Expectation Value in Quantum Mechanics

Definition

The expectation value of a normalized wavefunction $\psi$ for an operator $A$ is defined as follows.

$$\braket{A} =\int_{-\infty}^{\infty} \psi^{\ast}A\psi dx$$

Explanation

To put it simply, it is the same expectation value that you learned in high school statistics. When studying quantum mechanics, if you find it difficult to understand the expectation value, the difficulties can be broadly classified into two types. The first is the difficulty in understanding the definition itself and the second is the question of why the formula is expressed in that way.

What is the expectation value?

As you know, when you throw a dice, the expectation value of the dice roll is $(1+2+3+4+5+6)*\dfrac{ 1 }{ 6 }=3.5$. It means that if you throw the dice many times, the average will be close to $3.5$. Similarly, the expectation value of the momentum of a particle is the average of the measured momentum values.

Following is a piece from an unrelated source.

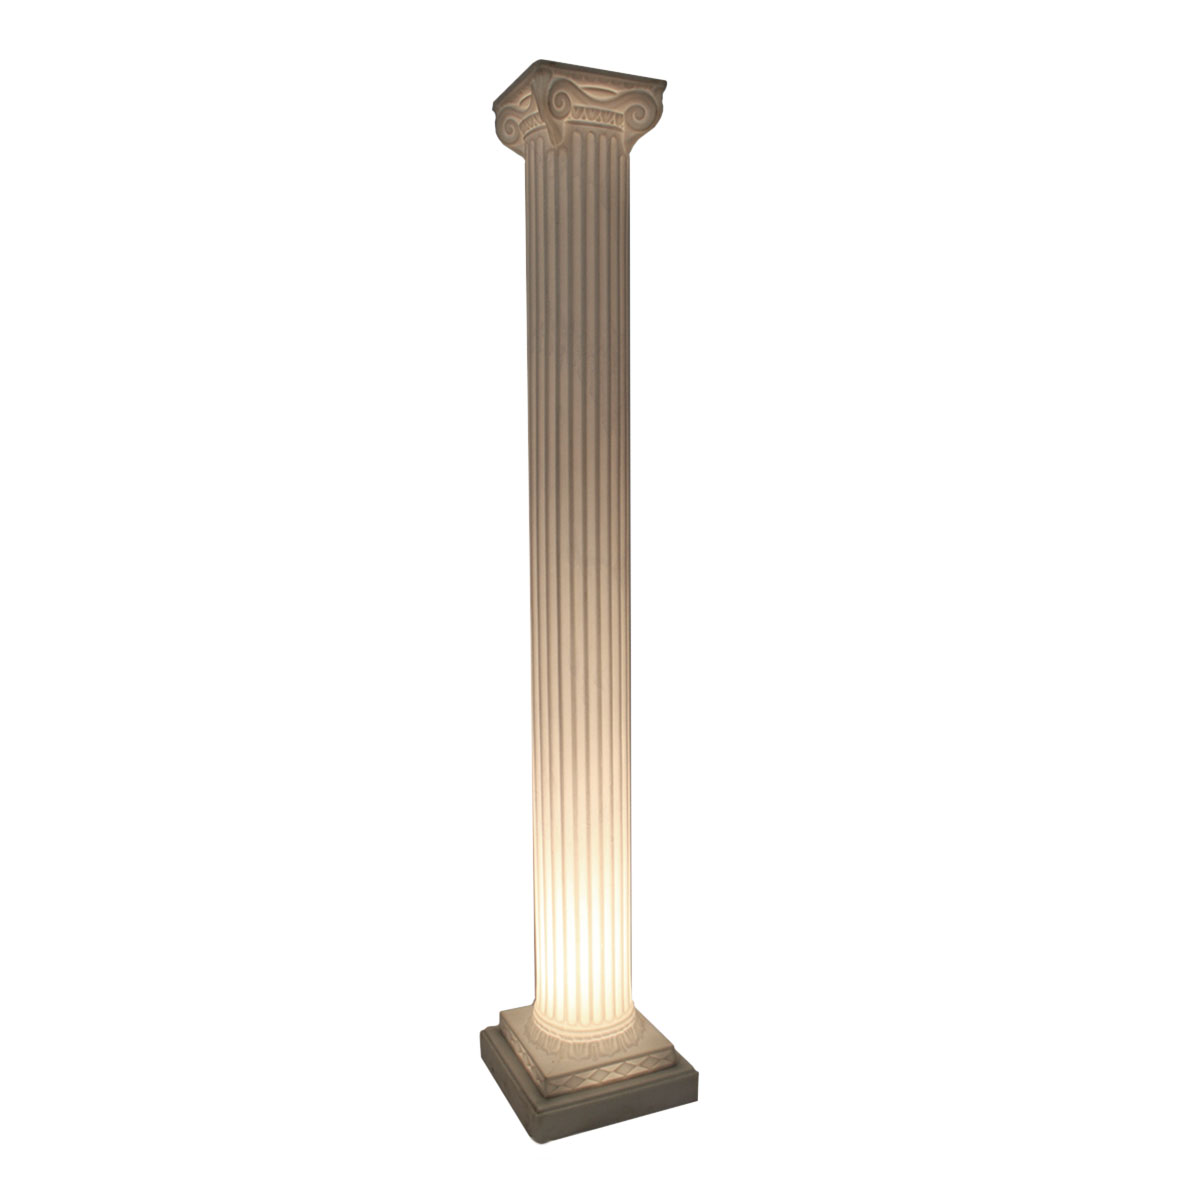 Light Base For Columns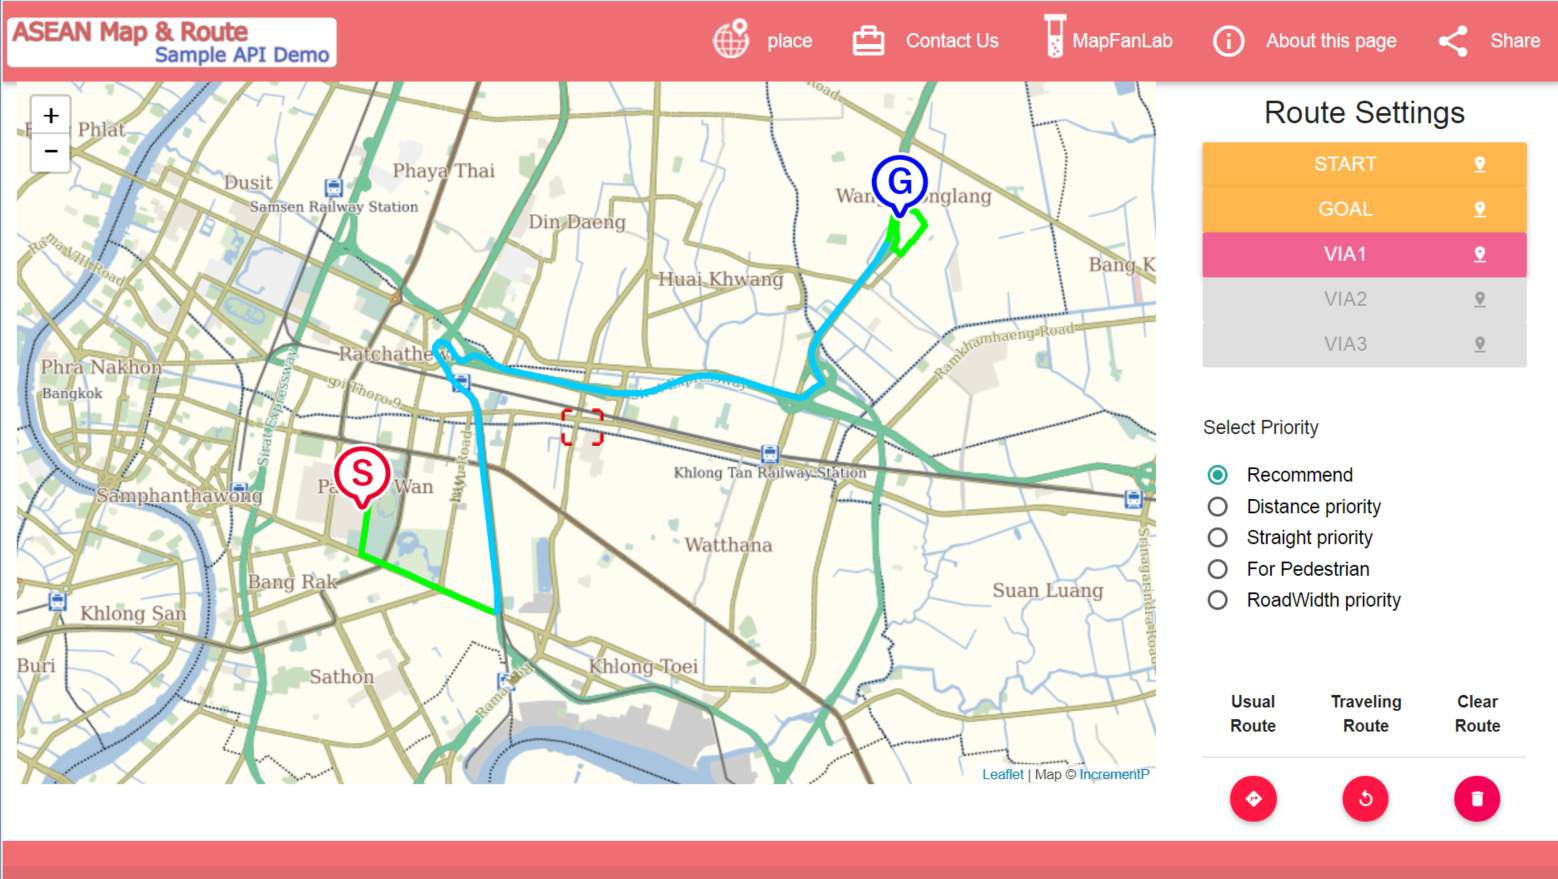 位置情報コンテンツ満載のショールーム Mapfan ラボサイト Asean Map Route 駐車場まとめて検索 を公開 インクリメントｐ株式会社のプレスリリース

It’s important to note that this is not about measuring one particle multiple times because, after measurement, the superposed wavefunction collapses to a single value, always yielding the same result. Therefore, the expectation value of a particle’s momentum is the expectation value when measuring particles of the same type under the same conditions.

To understand more easily, let’s compare particles to people and momentum to weight. The expectation value of a particle is obtained not by repeatedly measuring the same person but by measuring the weights of multiple people who fit the criteria of 20-year-old males in Korea. Just as measuring the same person’s weight multiple times yields the same result, repeated measurements of the same particle yield the same result.

Why does the formula look like that?

Let’s review the definition and notation.

$$\braket{A} =\int_{-\infty}^{\infty} \psi^{\ast}A\psi dx \tag{1}$$

Although it may look different from the expectation value you learned in high school mathematics, it is essentially the same. If the probability density function of a continuous random variable $X$ is $f(x)$, then its expectation value is

$$E(X)=\int_{-\infty}^{\infty}xf(x)dx \tag{2}$$

Now let’s see why these two are the same. Since the probability density of $\psi$ is $| \psi|^{2}=\psi^{\ast}\psi$, writing $\braket{ A}$ as $(2)$ gives

$$\begin{align*} \braket{A}& = \int_{-\infty}^{\infty}A|\psi|^{2}dx \\ &= \int_{-\infty}^{\infty}A\psi^{\ast}\psi dx \\ &= \int_{-\infty}^{\infty}\psi^{\ast}A\psi dx \end{align*}$$

This should resolve the question of why the expectation value formula looks the way it does. However, the question remains as to why the notation is $\psi^{\ast}A\psi$ instead of $A\psi^{\ast}\psi$ or $\psi A \psi^{\ast}$. In one dimension, the order of multiplication does not matter. However, in three dimensions, thinking of wave functions and operators as vectors and matrices respectively means the order of multiplication does matter. You probably know that matrices yield different results depending on the order of multiplication. For example, let’s assume we have an operator $A$ and a wave function $\psi$.

$$A=\begin{pmatrix} a_{11} & a_{12} & a_{13} \\ a_{21} & a_{22} & a_{23} \\ a_{31} & a_{32} & a_{33} \end{pmatrix}, \psi=\begin{pmatrix} \psi_{1} \\ \psi_{2} \\ \psi_{3} \end{pmatrix}$$

Then, the correct matrix multiplication is as follows.

$$\psi^{\ast} A \psi = \sum_{i,j = 1}^{3} \psi^{\ast}_{i} A_{ij} \psi_{j}$$

Variance

For a random variable $X$, if the expectation value is $\mu = E(X)$, then the variance of $X$ is defined as follows.

$$\sigma^{2} = E\left( (X - \mu)^{2} \right)$$

Similarly, the variance of an operator $A$ with respect to the wavefunction $\psi$ is defined as follows.

$$\sigma_{A}^{2} = \braket{(A - \braket{A})^{2}} = \braket{\psi | (A - \braket{A})^{2} | \psi} = \int_{-\infty}^{\infty} \psi^{\ast} (A - \braket{A})^{2} \psi dx$$